[gmx-users] mpich job hangs on exit
feenstra at chem.vu.nl
Wed Aug 4 14:21:22 CEST 2004
David van der Spoel wrote:
> See where it hangs in the mdrunXX.log files.
> The question is whether the nodes ever reach the mpi_finalize call, or
> whether they are killed by the queue system.
All md?.log files now end in 'Finished mdrun on node # ...'
On some of the nodes the load is > 0, so it seems that some of
the mdrun processes are still in limbo, but not all. The job is gone
now, so I'll rerun it to see what it all looks like...
Another test without -debug, but with LOG_BUFS=0, gives a 'normal' md0.log
('Finished...') and stderr output ('Performance:...'), but the other
logfiles end somewhere during writing accounting for 'Dummy4fd'.

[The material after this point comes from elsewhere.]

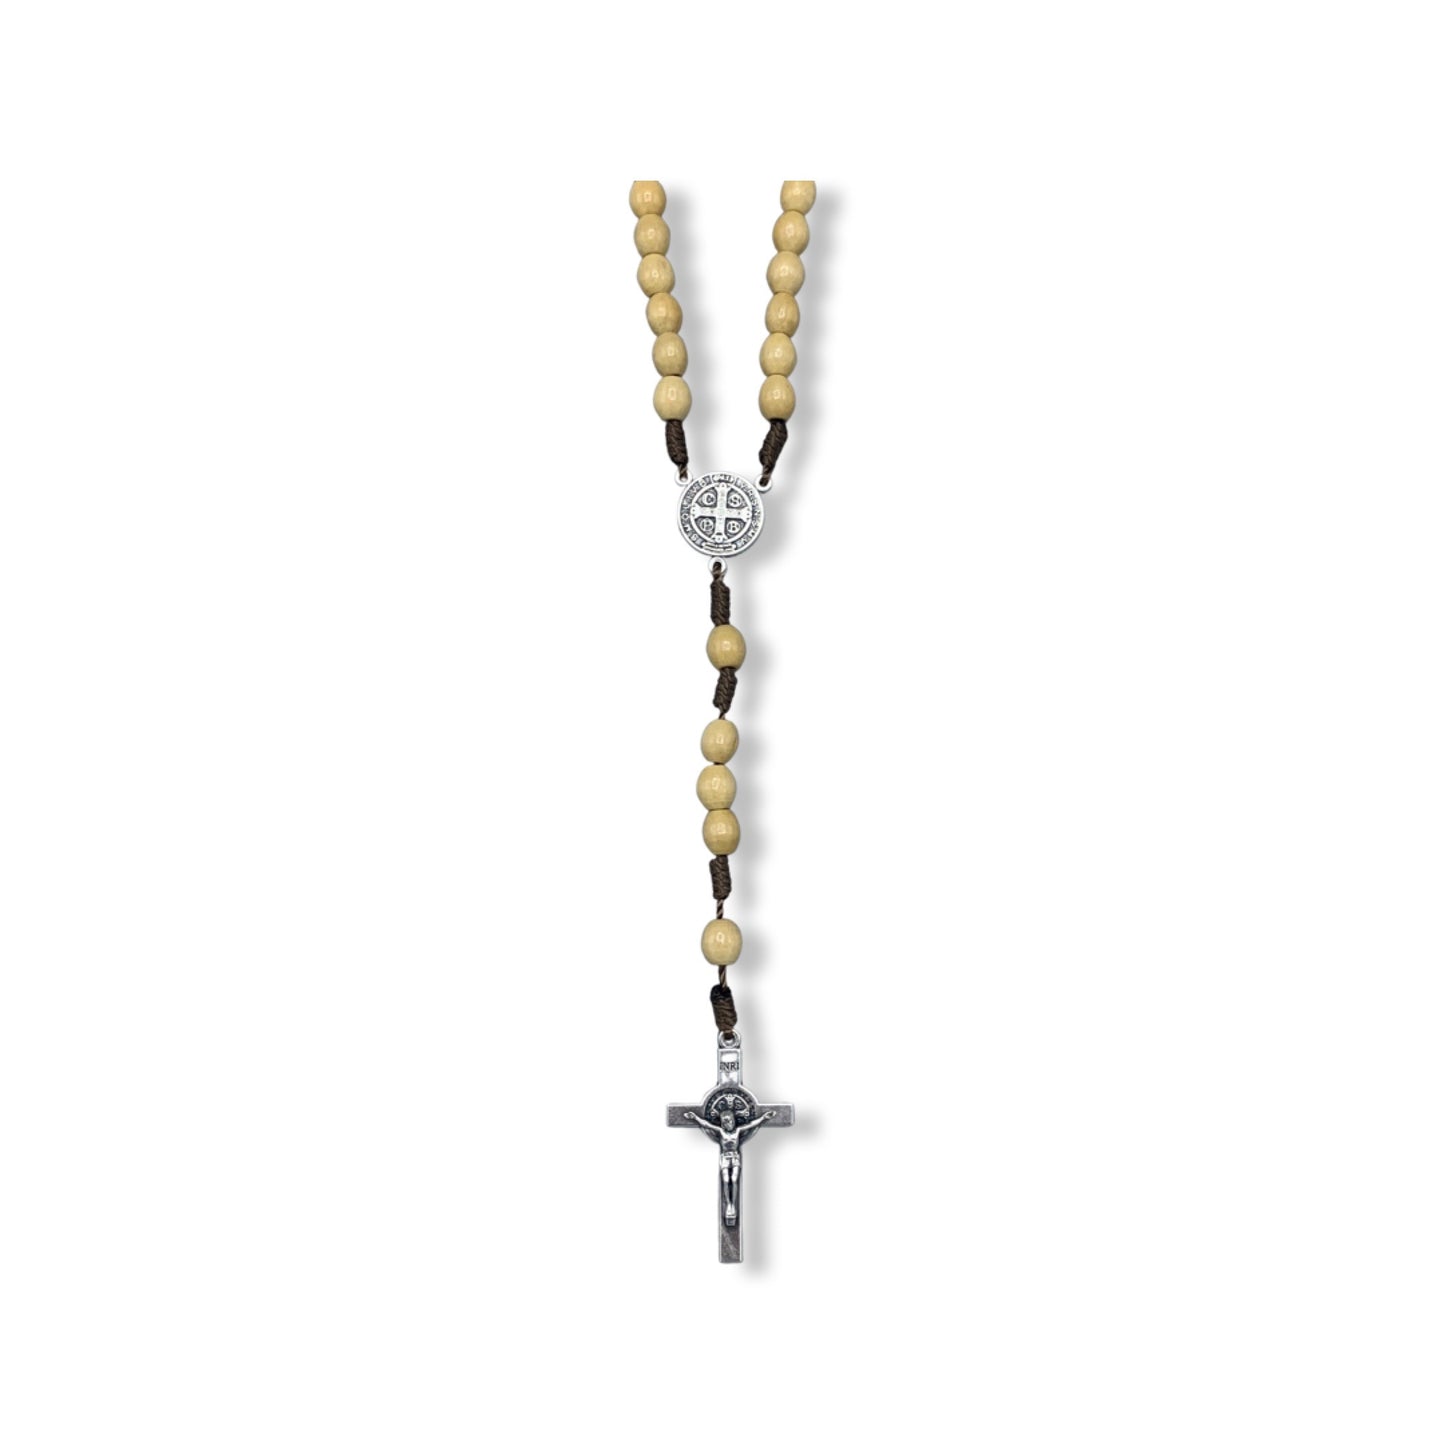 Wood Beads St. Benedict Rosary of Assorted Colors
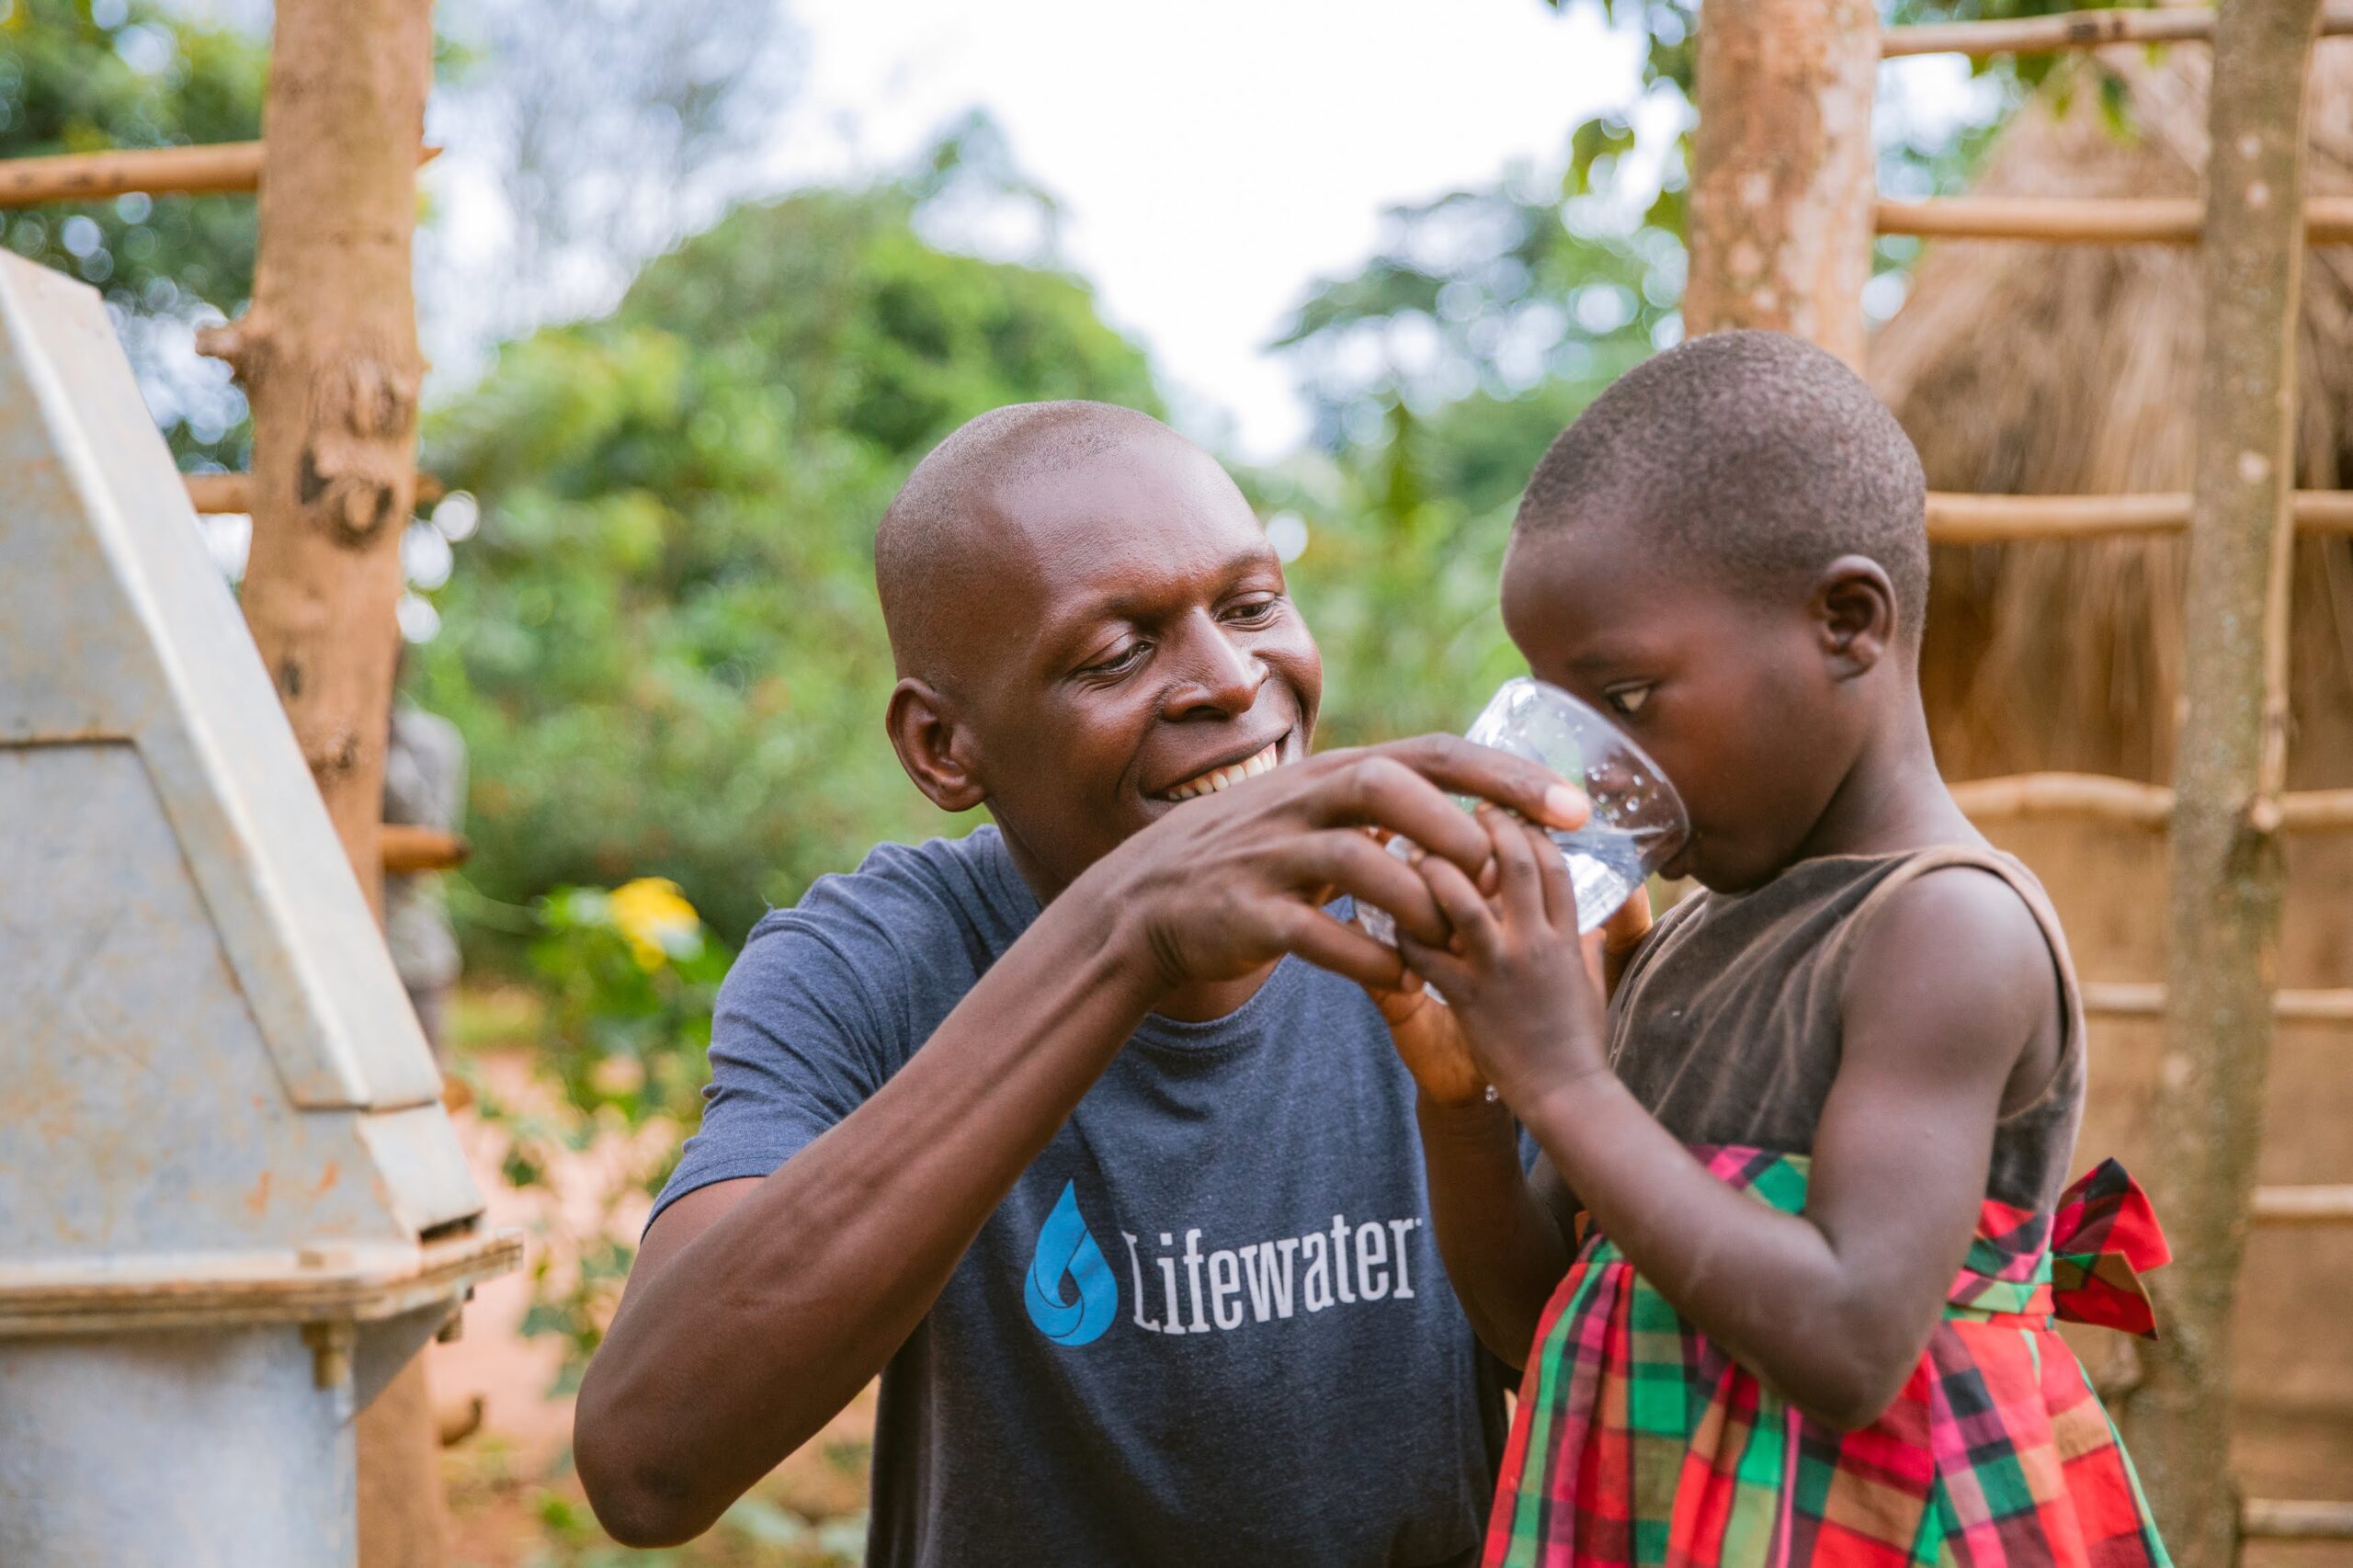 Altogether, Spotz's outreach helps great causes like Lifewater. (Photo Credit: Katie Spotz)

mdrun processes 0 to 5 are hanging, while 6 and 7 (the fourth node) have
terminated. In addition, there is an error in the stdout of the job:
p6_18643: p4_error: Timeout in establishing connection to remote process: 0
p7_18693: p4_error: Timeout in establishing connection to remote process: 0
This is probably MPICH talking. Note it mentions 'p6' and 'p7' which may
explain why mdruns #6 and #7 have terminated.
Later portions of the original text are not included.